Maybe define a Go target to teach Rust about the Go calling conventions? You may also want to use "xargo", which is specially built for stripping or customising "std" and to work with targets without binary stdlib support.
This is more complex then just a target. Rust has to communicate to the Go Runtime Environment.
Two main points:
-Go uses a very small stack for GoRoutines to make them dirt cheap. When you exceed this stack, Go maps in more stack for you transparently. Rust generated ASM is running on the Go Stack, but it is expecting when it exceeds its stack to explode, like a C program. As that should be the OS Stack. Larger problem then you think, Rust likes to put a ton of stuff on the stack. This is one of the nice things about Rust is putting _a ton_ of data on the stack is cheap, and makes ownership simpler.
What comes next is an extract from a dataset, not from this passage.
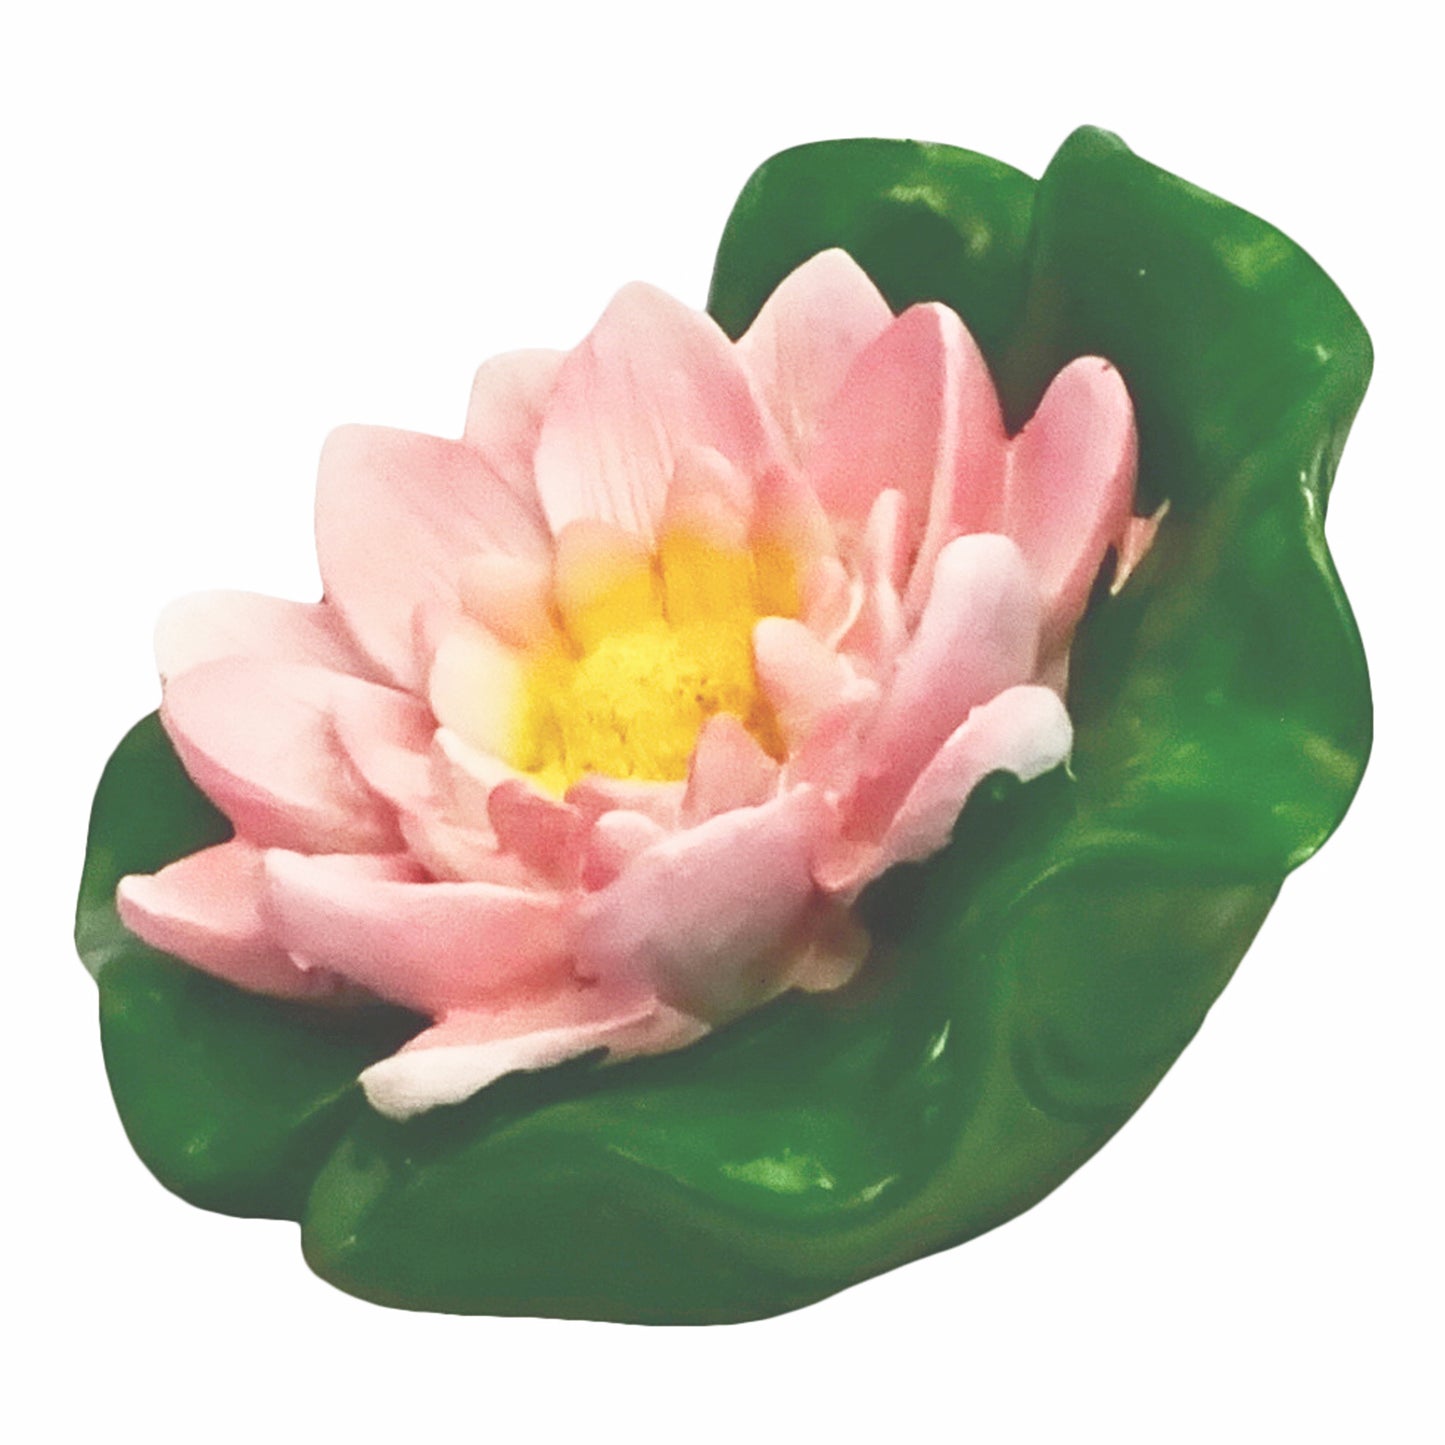 Fire Sale! Small Rain Gauge Outdoor Garden Decor Guage (Pink Lotus Flower)

-Go's system calls, and concurrency primitives are cooperative with its runtime. When make they communicate the routine can yield to the runtime. Targeted Rust code would _also_ have to make these calls, as well as 3rd party crates.
Again none of this is impossible, linker directives and FFI magic could import these functions/symbols. But this would also require Go have a stabilized runtime environment for other languages to link against. Currently just stating Go has a runtime is controversial, so I expect this won't happen soon.
> This is more complex then just a target. Rust has to communicate to the Go Runtime Environment.
If you want full Go embedding sure, but this discussion is in the context of TFA whose stated purpose is the ability to build optimised "pure" sub-functions without having to use plan9 assembly.
In that case, what a Go target does is remove the need for a trampoline and manually fucking around with calling conventions.
> -Go uses a very small stack for GoRoutines to make them dirt cheap. When you exceed this stack, Go maps in more stack for you transparently. Rust generated ASM is running on the Go Stack, but it is expecting when it exceeds its stack to explode, like a C program. As that should be the OS Stack. Larger problem then you think, Rust likes to put a ton of stuff on the stack. This is one of the nice things about Rust is putting _a ton_ of data on the stack is cheap, and makes ownership simpler.
This point confuses me; if Rust expects to run on a limited stack, why would it expect to put a ton of data on the stack?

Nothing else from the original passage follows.